Lass uns noch kurz einen Blick in den Japangarten werfen! Dieser kleine Garten wurde vor langer Zeit von der Partnerstadt Bietigheims, Kusatsu, gespendet. Der Garten war lange öffentlich zugänglich, aber weil doch manche Menschen mit fremdem Eigentum ziemlich nachlässig umgehen, ist der Garten seit ein paar Jahren von einem Zaun umringt. Schade.




Noch ein Blick zurück zu dieser Bilderbuchansicht, und dann fährt die Schnick wieder nach Hause. Trübsal ist weg, Sonne hat sie auch gehabt, gut. Schade, dass es in den nächsten Tagen schon wieder tauen soll... aber die Schnick hat ihre Eindrücke fest gehalten :o)

23. Dezember 2010

Fröhliche Weihnachten - Buon Natale - Merry Christmas

Die Schnick und der Schnack, die freuen sich schon ganz doll auf Weihnachten! Der Schnack freut sich über ganz viel Schnee, und die Schnick auf ihren wohl verdienten Urlaub. Morgen ist wieder Weihnachten, das liebste Fest von Schnick. Dem Schnack ist es nicht ganz so wichtig, aber dass in der gemütlichen Wohnung der beiden in den letzten Wochen auf geheimnisvolle Weise immer mehr Weihnachtsschnickschnacksachen aufgetaucht sind, trägt er mit Fassung. Und letztendlich freut auch er sich auf ein paar gemütliche Tage zuhause.

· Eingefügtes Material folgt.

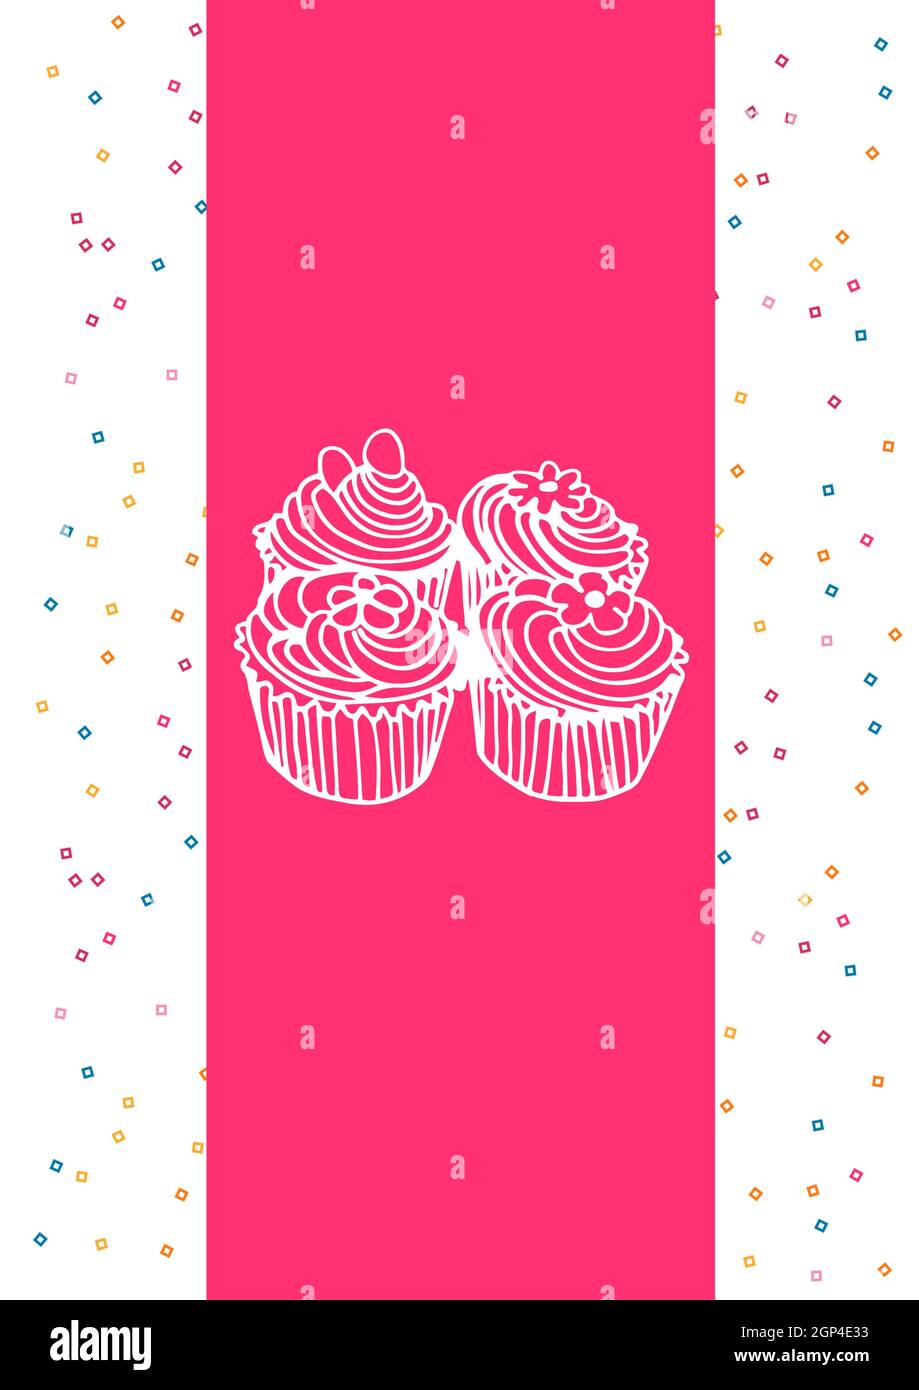 Composition of cupcake icons and colourful squares on white background Stock Photo

Die beiden wünschen allen ihren Lesern, denen, die regelmäßig hier sind, und auch denen, die nur ab und zu mal herein schauen, ein wunderschönes Weihnachtsfest, und natürlich auch ein gesundes und ganz glückliches Neues Jahr. Und sie freuen sich auf ein Wiedersehen - weil sie ja bestimmt bald wieder viele neue Geschichten zu erzählen und schöne bunte Fotos zu zeigen haben!

14. Dezember 2010

Advent in Augsburg

Der Schnack, der hat mal wieder Pläne... und wie das so ist, erfährt die Schnick erst im allerletzten Moment davon. Sozusagen, wenn sie schon Koffer gepackt hat und auf der Autobahn entlangdüsen und eigentlich schon fast am Ziel sind.

Die Reise geht... nach Augsburg! "Das ist ja toll," freut sich die Schnick - schließlich liegt ein Teil ihrer Wurzeln in Augsburg. Ihre Vorfahren waren dort einst Inhaber eines schönen großen Kaufhauses, aber danach brauchst du nicht zu suchen, das gibt es längst nicht mehr. Als die Schnick zwei Jahre alt war, da hat ihr Papa sie mal mitgenommen, zur Augsburger Verwandtschaft. Sie kann sich noch erinnern... an das riesige Haus, in dem sie zu Gast waren, und da lagen überall richtige Perserteppiche, und alles war dunkel und mit sehr teuren Möbeln eingerichtet. Für die kleine Schnick war das damals fast wie ein Besuch in einem Schloss.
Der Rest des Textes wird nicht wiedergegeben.